Fashion was so desirable that people faked whole identities to get in and errant women were punished by exile from it
Neither expensiveness nor taste in themselves create fashion, and to be a dedicated follower of fashion in any part of the 18th century, early, middle or late, was hard work. The fashionable had to go at the right times to the right places, to see and be seen in the right company. At the theatre and opera, social performance among the fashionable audience was noted by diarists every bit as much as the performances on stage. But mingling was highly selective. At Vauxhall (or Ranelagh, depending on which pleasure garden was most in fashion), the beau monde kept themselves visibly separate from other users. Since the growth of fashionable places has been taken to encourage a communicative public sphere in which greater social mixing was possible, the ways in which fashionability acted as a filter is an important corrective.
The book’s discussion of the term “beau monde” is split off into an appendix.

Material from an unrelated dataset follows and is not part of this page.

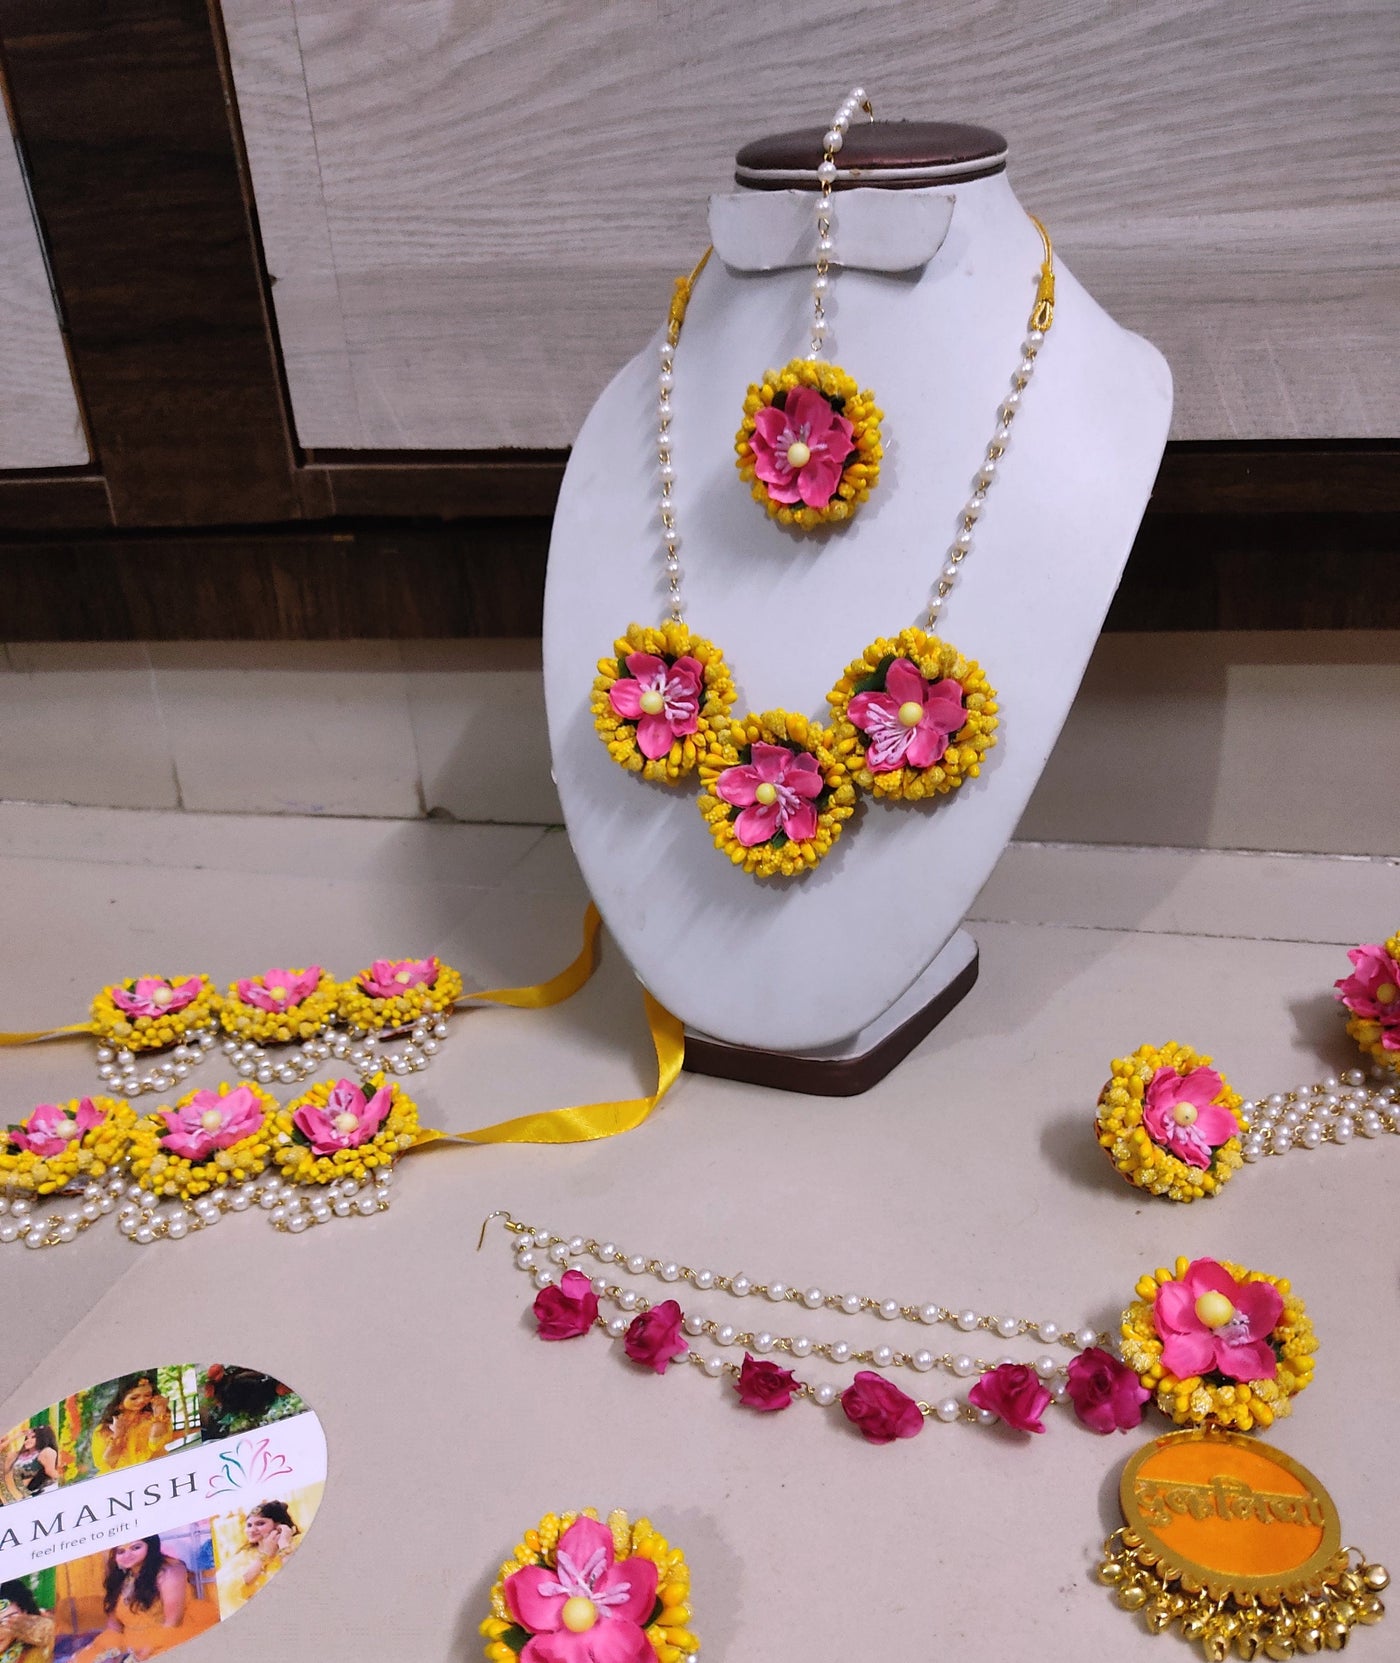 LAMANSH Flower Jewellery Yellow & Pink LAMANSH® Dulhaniyaa Yellow Pink Flower 🌸 Jewellery Set with Kamarbandh for Haldi - Mehendi ceremony / Floral set for Dohle devan function with waistbelt

Why? It looks like intellectual apartheid, as if language couldn’t or shouldn’t be part of history proper. Although so many words for fashion come from Paris – ton, beau monde, à la mode – the author stays firmly in London, explaining how the rhythm of Parliament dictated social seasons and gave a political colouring to fashion. If Whigs had more glamour, especially in the trend-setting times of the Duchess of Devonshire, nonetheless Tories were just as important in forming smart sets – and just as adept in snubbing and shunning. Fashion was so desirable that people faked whole identities to get in and errant women were punished by exile from it. How fashionable society shed some of its glitter and evolved into Victorian society makes a beguiling ending to a story of conspicuous consumption that was simultaneously a subtle web of visible display and invisible social power. If you remember Michael Heseltine being dismissively described by Alan Clark as a man who bought his own furniture, you will find Greig’s thoughtful account of its 18th-century equivalent a great read.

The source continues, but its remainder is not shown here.